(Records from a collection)
Content starts

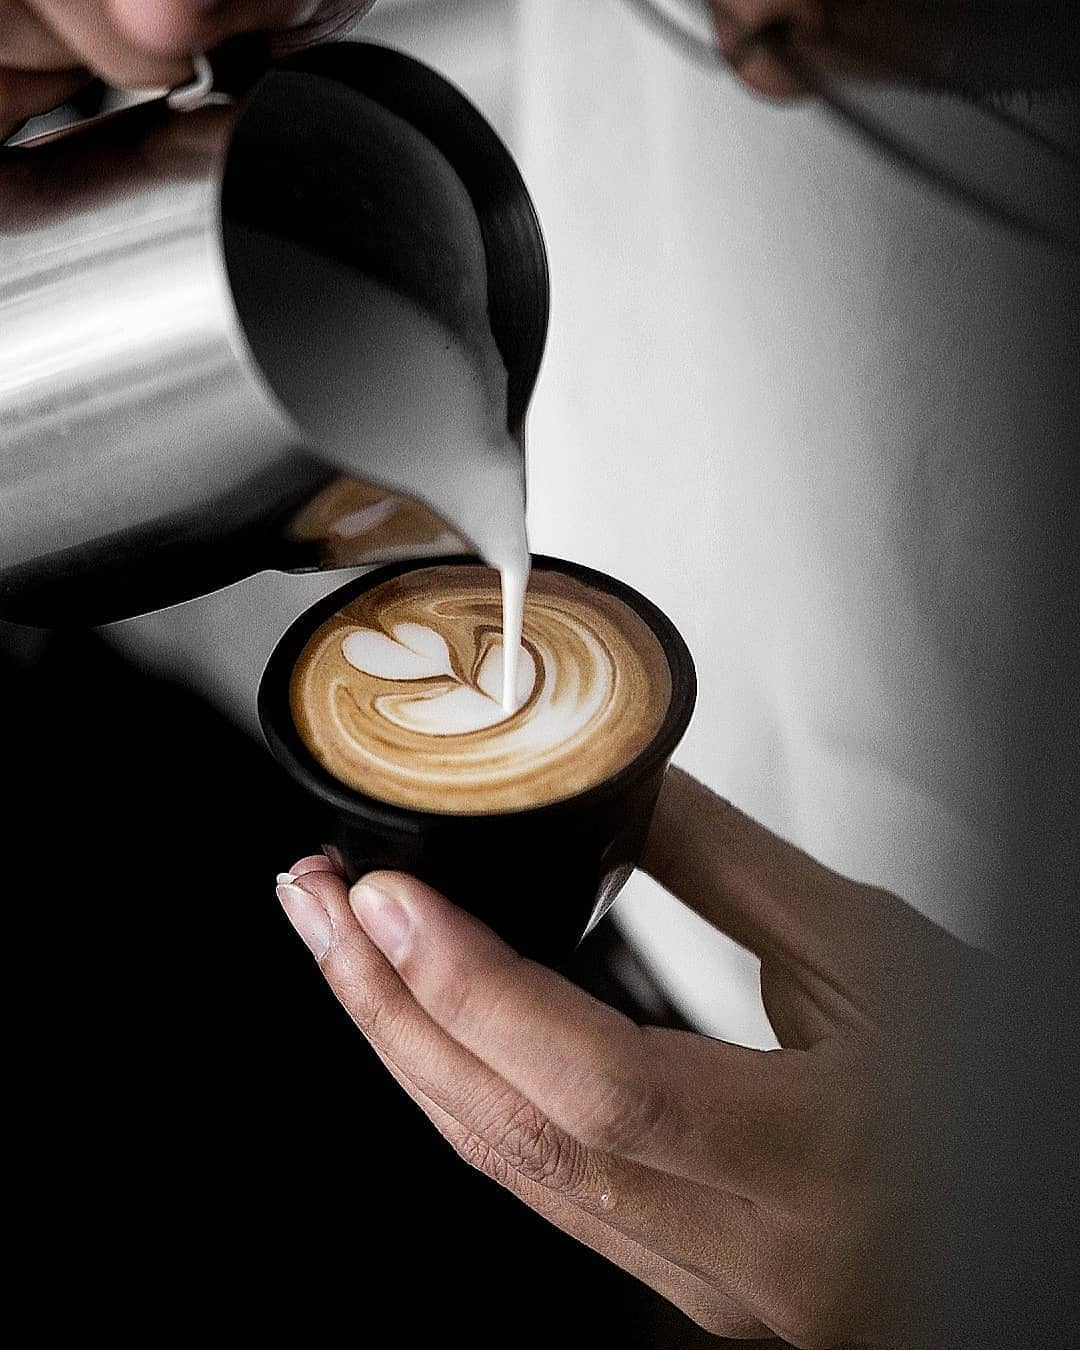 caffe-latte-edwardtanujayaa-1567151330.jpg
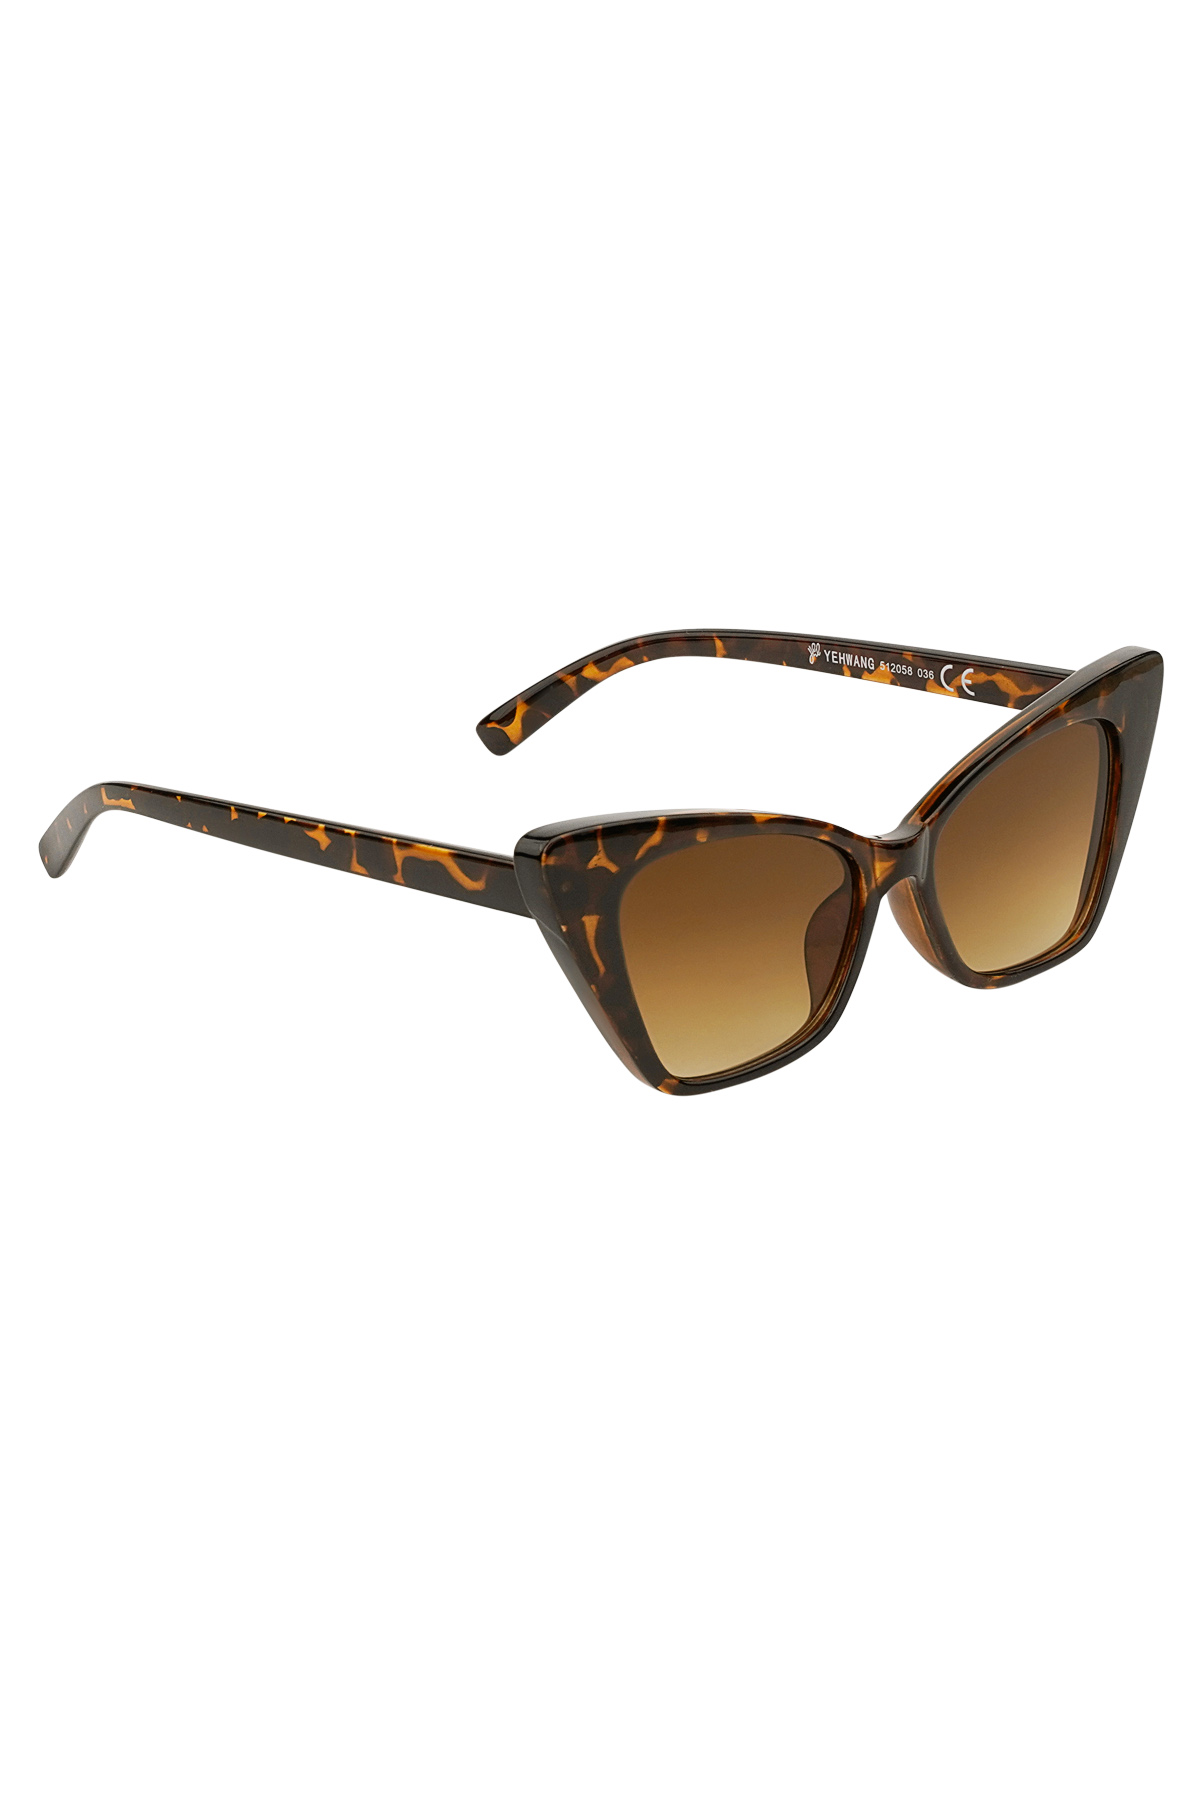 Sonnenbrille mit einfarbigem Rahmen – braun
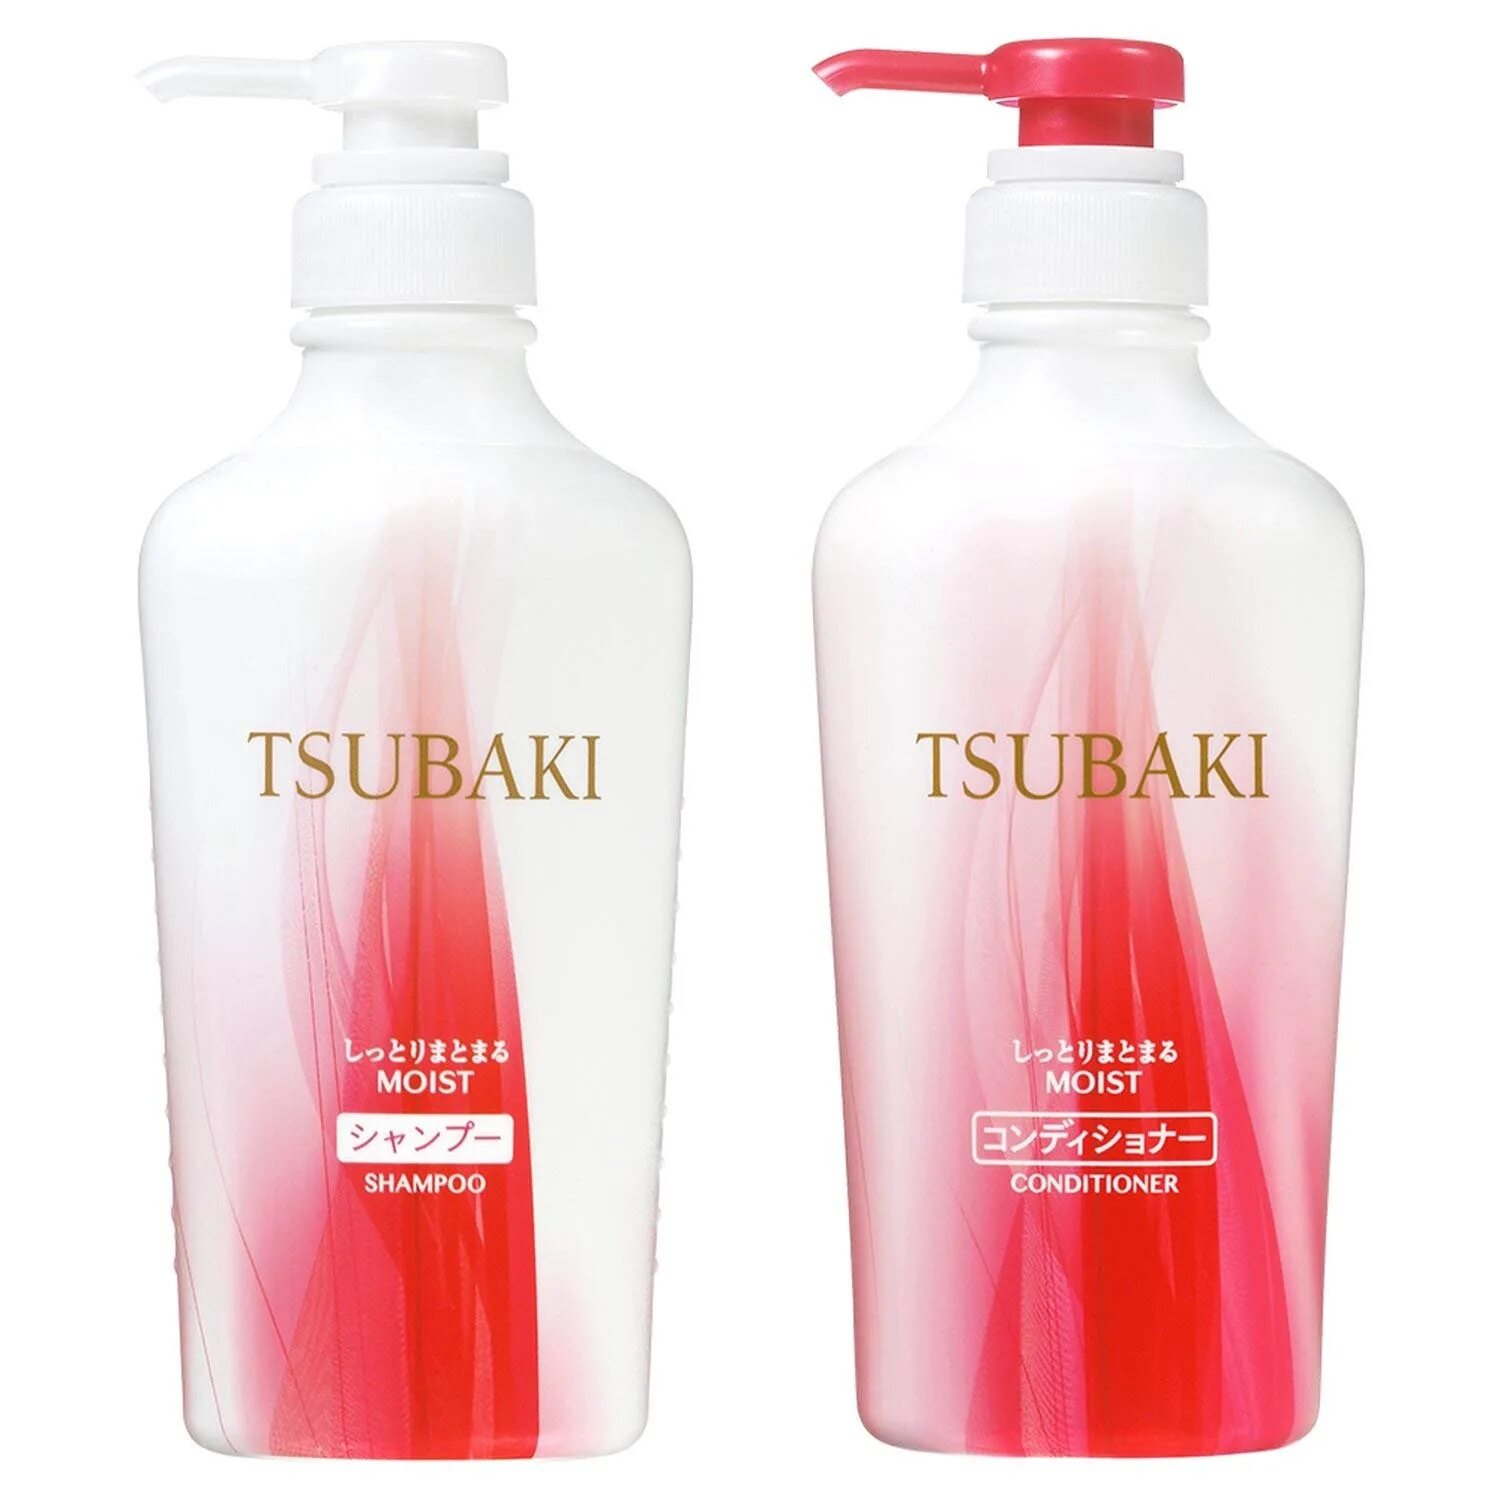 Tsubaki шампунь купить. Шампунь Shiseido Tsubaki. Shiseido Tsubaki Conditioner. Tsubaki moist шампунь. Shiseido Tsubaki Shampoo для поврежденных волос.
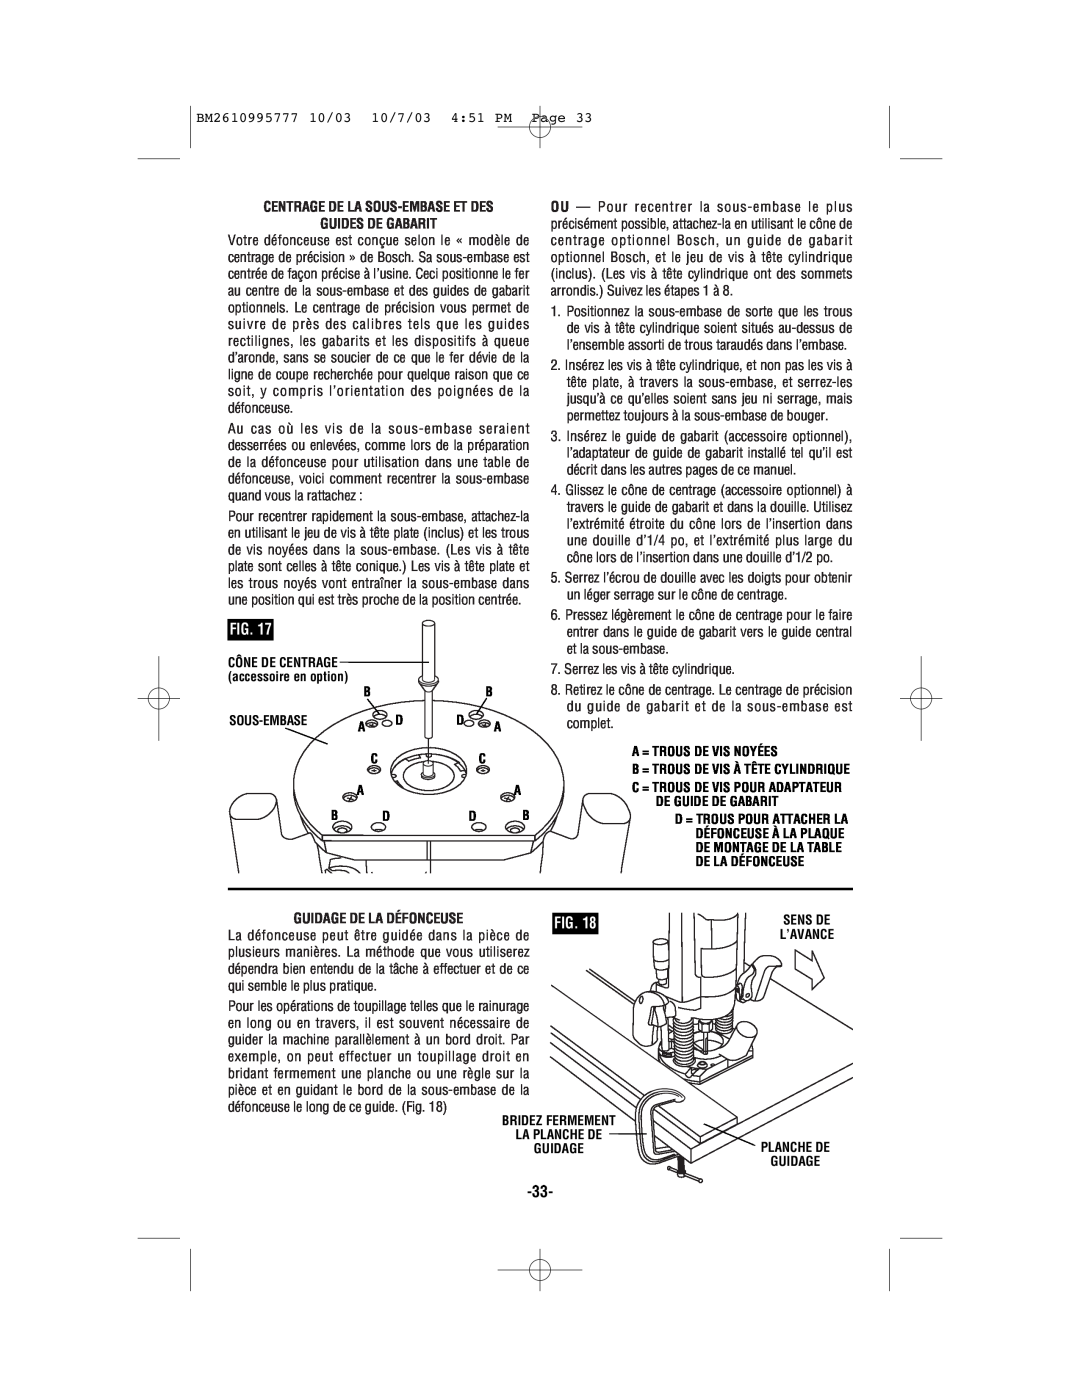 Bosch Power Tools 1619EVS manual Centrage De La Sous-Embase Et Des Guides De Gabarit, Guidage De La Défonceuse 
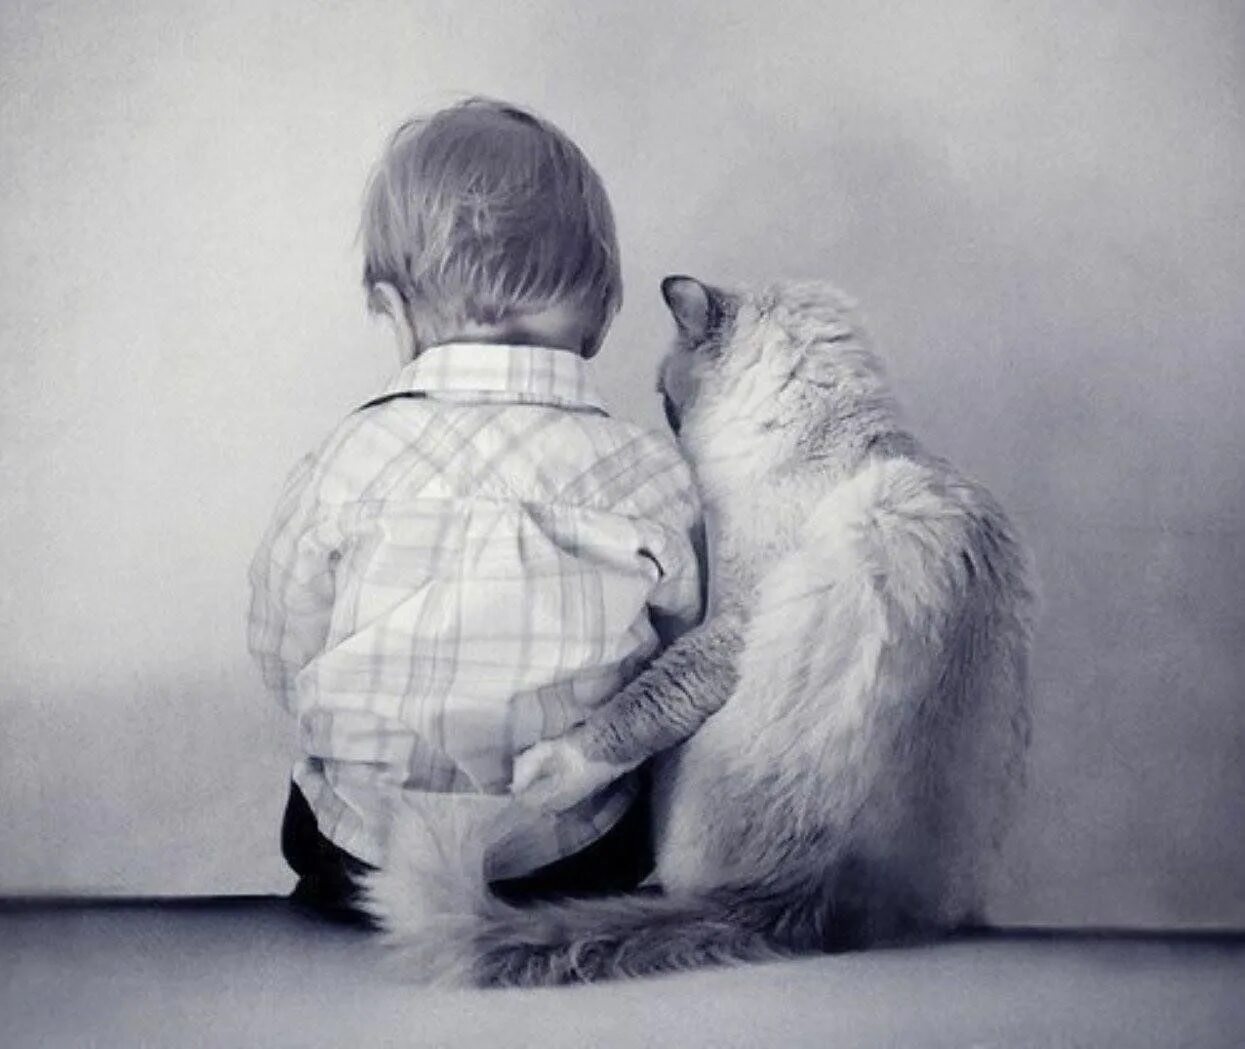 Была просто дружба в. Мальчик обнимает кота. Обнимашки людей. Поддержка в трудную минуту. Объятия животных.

Content ends

WORK TO BE COMPLETED: The goal is an exact reprint of the entries, leaving out the pictures.

TASK RESPONSE:
 caffe-latte-edwardtanujayaa-1567151330.jpg
 Sonnenbrille mit einfarbigem Rahmen – braun
 Tsubaki шампунь купить. Шампунь Shiseido Tsubaki. Shiseido Tsubaki Conditioner. Tsubaki moist шампунь. Shiseido Tsubaki Shampoo для поврежденных волос.
 Bosch Power Tools 1619EVS manual Centrage De La Sous-Embase Et Des Guides De Gabarit, Guidage De La Défonceuse 
 Была просто дружба в. Мальчик обнимает кота. Обнимашки людей. Поддержка в трудную минуту. Объятия животных.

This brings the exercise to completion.